By reinvigorating the free-agency talent pool with a new group of players who might otherwise have been restricted, we're encouraging more teams to open up cap space. If they do so, more players will feel comfortable eschewing extensions and becoming free agents. Suddenly, free agency could become a real mechanism for team-building again. This is probably the only feasible way to make this happen. In theory, the NBA could tighten its restriction rules again, but neither side is going to want to collectively bargain for that. Players want earlier and easier access to money. Teams want to be able to retain their players. This proposal is obviously player-friendly. I'd view it as a concession the owners would be making in order to redo the max structure.
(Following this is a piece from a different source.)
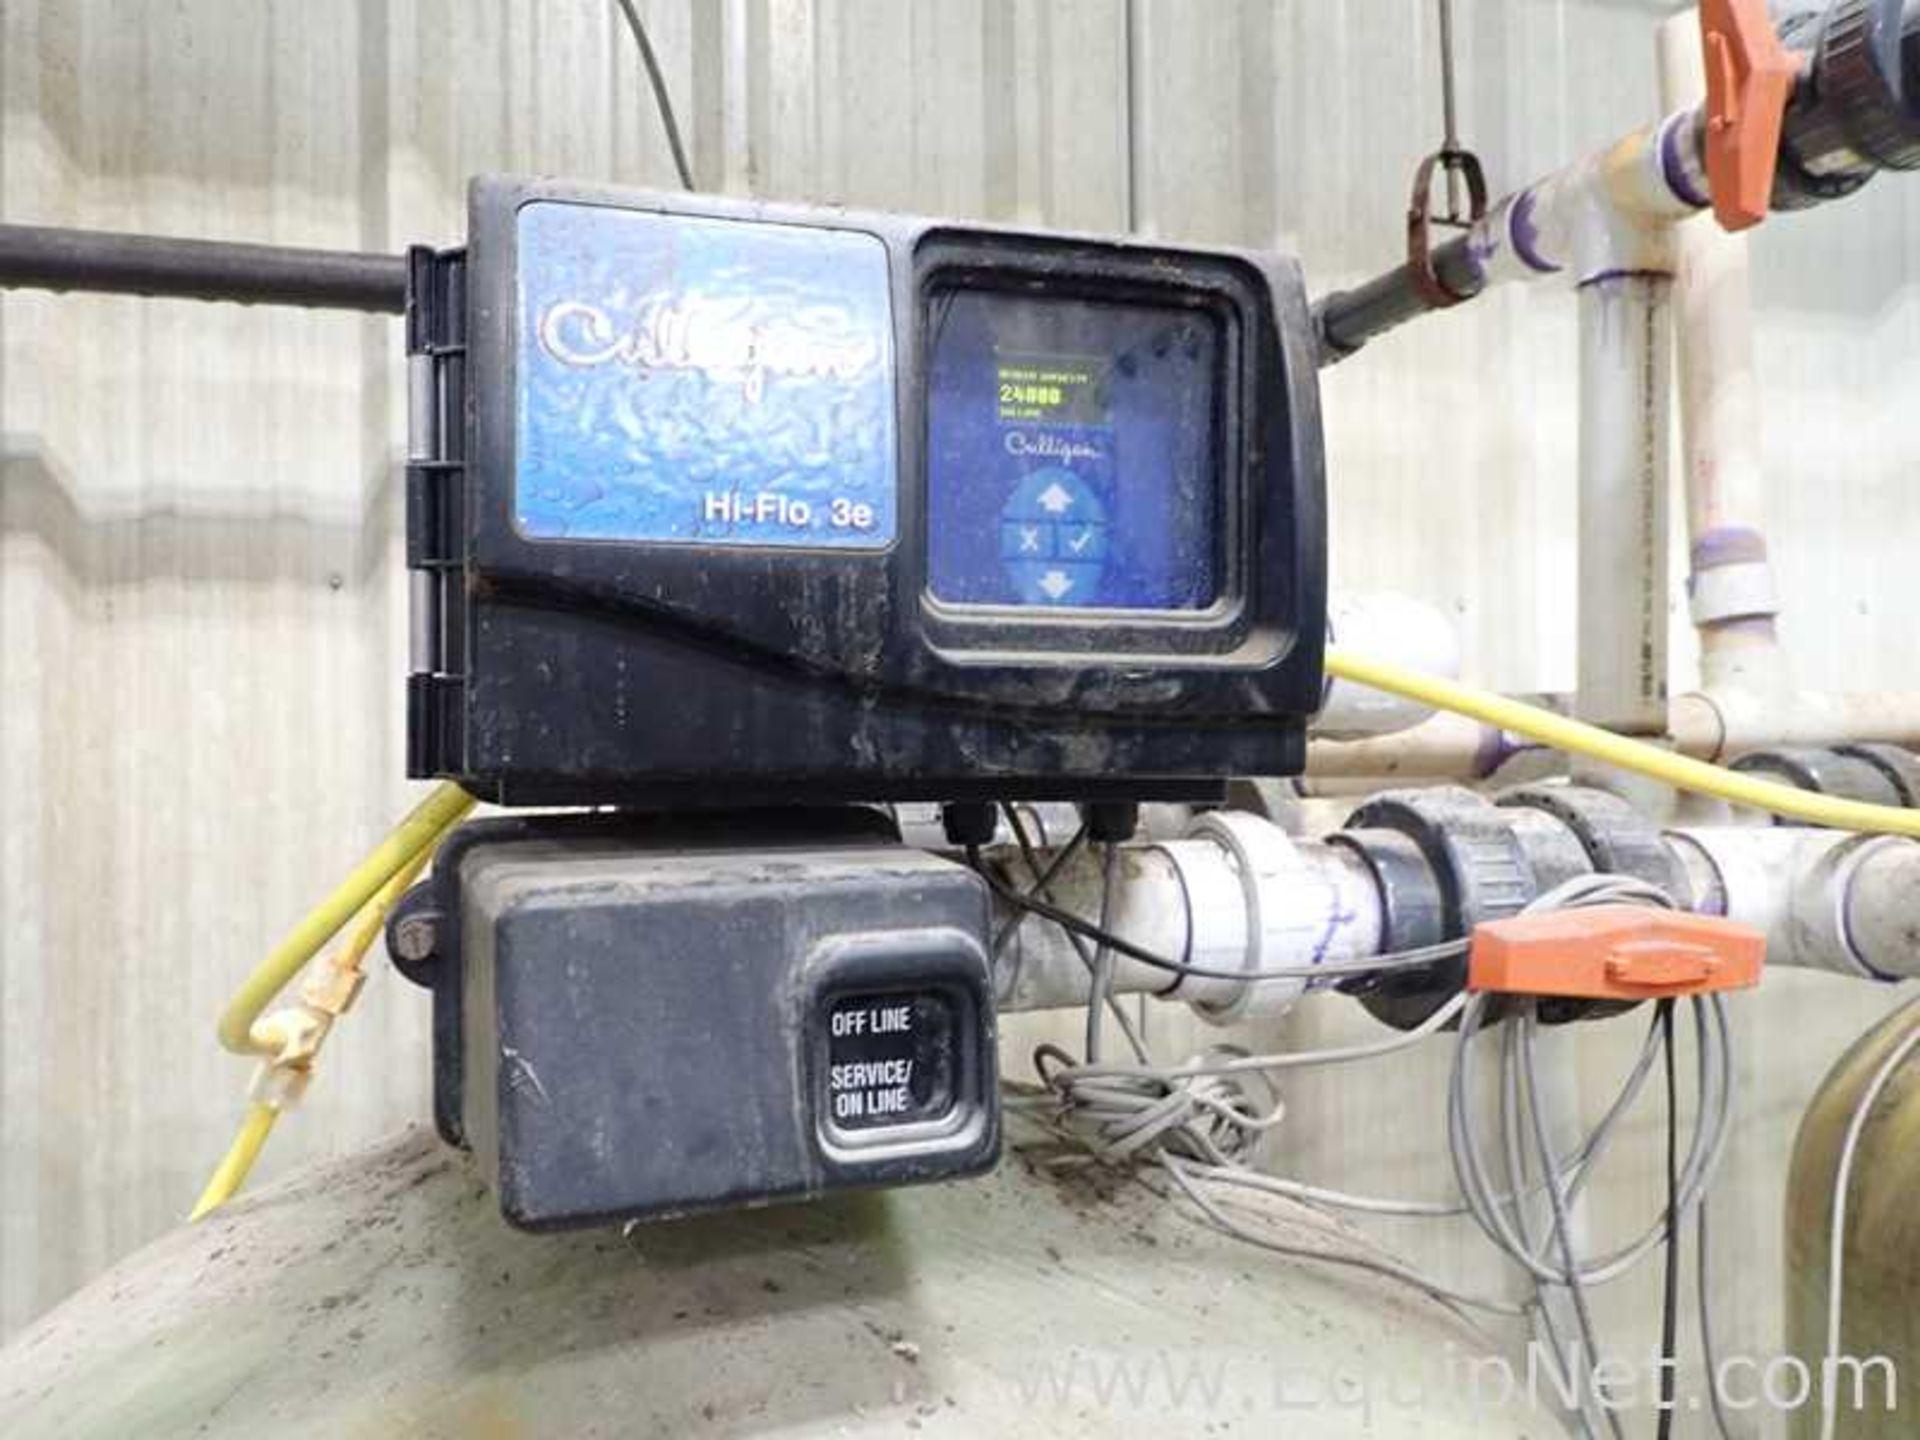 Culligan Hi-Flo 3e Water Softener System - Image 5 of 9
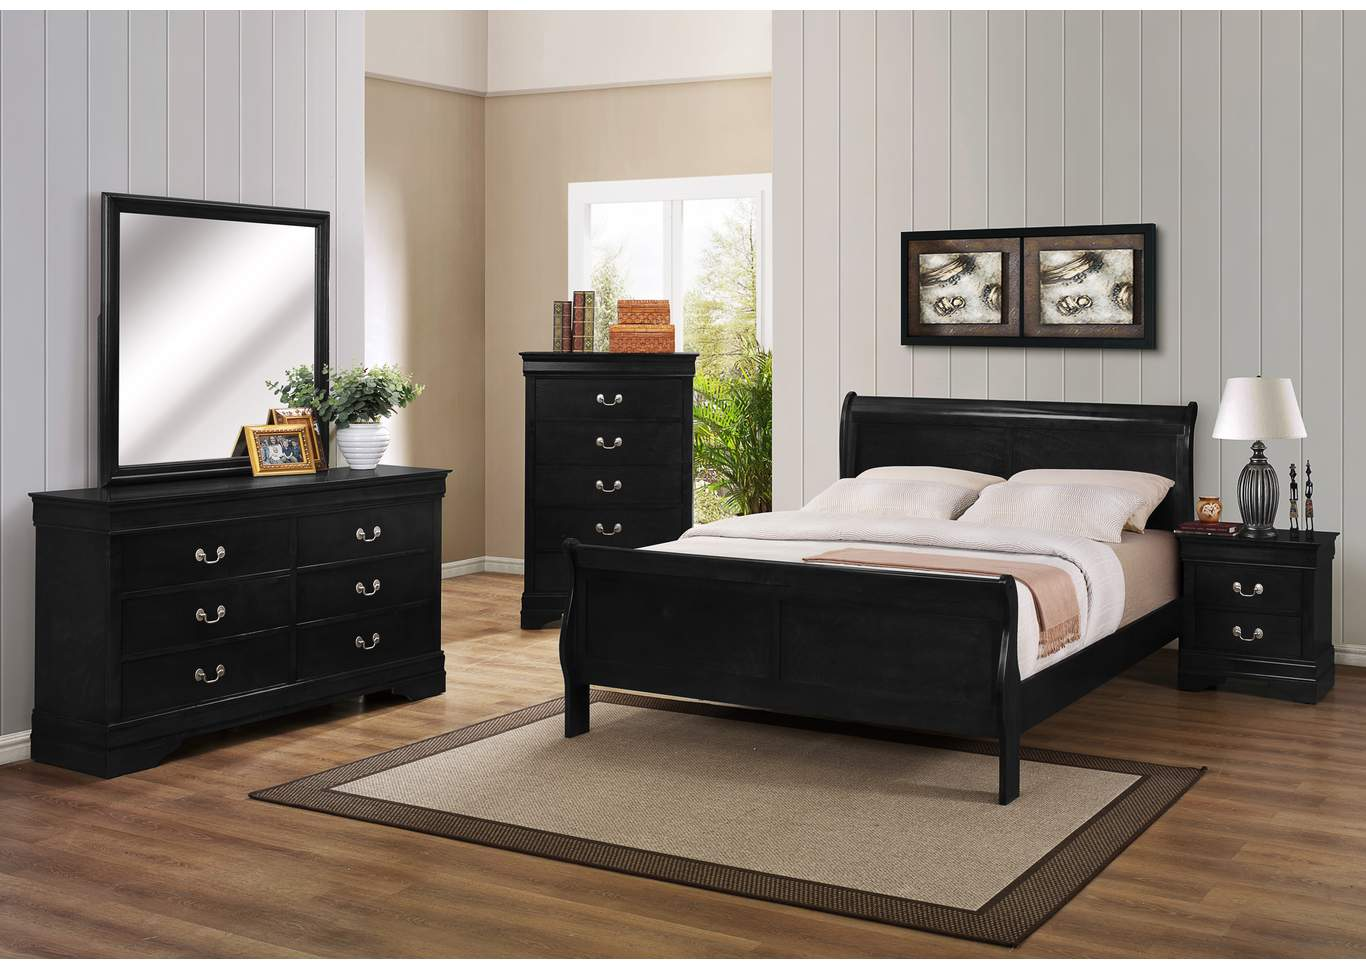 Orleans Furniture Louis Philip Black Twin Bed W6 Drawer Dresser

4. Soften a few apron-induced restrictions
The basic concept of the aprons makes sense. Some of the actual restrictions it imposes are just a bit too draconian. I'm going to run through a few quick tweaks to make them slightly more manageable.
- When a team takes back more salary than it sends out through a trade, it creates a hard cap at the first apron. What this means, functionally, is that any time two teams trade with one another, one of them automatically gets hard-capped unless the exact dollar amounts getting traded are equal. Teams sidestep this by looping in third teams, but it just makes far more sense to build in, say, a 5% buffer that any team can use once per season before it triggers a hard cap.
- The first and second aprons rise at the same rate as the salary cap each year. However, given how much more punitive the second apron is than the first, I'd propose widening the gap just a bit more to create some extra wiggle room. Let's just tack on an extra $1 million to whatever the formula generates each season to make life a bit easier for teams.
- The bi-annual exception is the weakest overall cap exception. It pays less than any mid-level exception, it can only be used once every two years, and it's only available to teams that are willing to hard-cap themselves at the first apron. I'd bump that up to the second apron. It seems like a fair tradeoff, as teams with second-apron hard caps only have access to the smaller, taxpayer mid-level exception. This way, they may not have access to the higher-level free agents that the non-taxpayer mid-level exception provides, but they would at least be able to cultivate a bit more depth through quantity by signing multiple players for more than the minimum.
Players would obviously prefer loosening these restrictions even further, but collective bargaining is a two-way street. Neither side is ever going to be fully happy with the arrangement, so mutually beneficial incremental change is usually the best either side can hope for. The last CBA went too far, but the next one can take steps back in the right direction.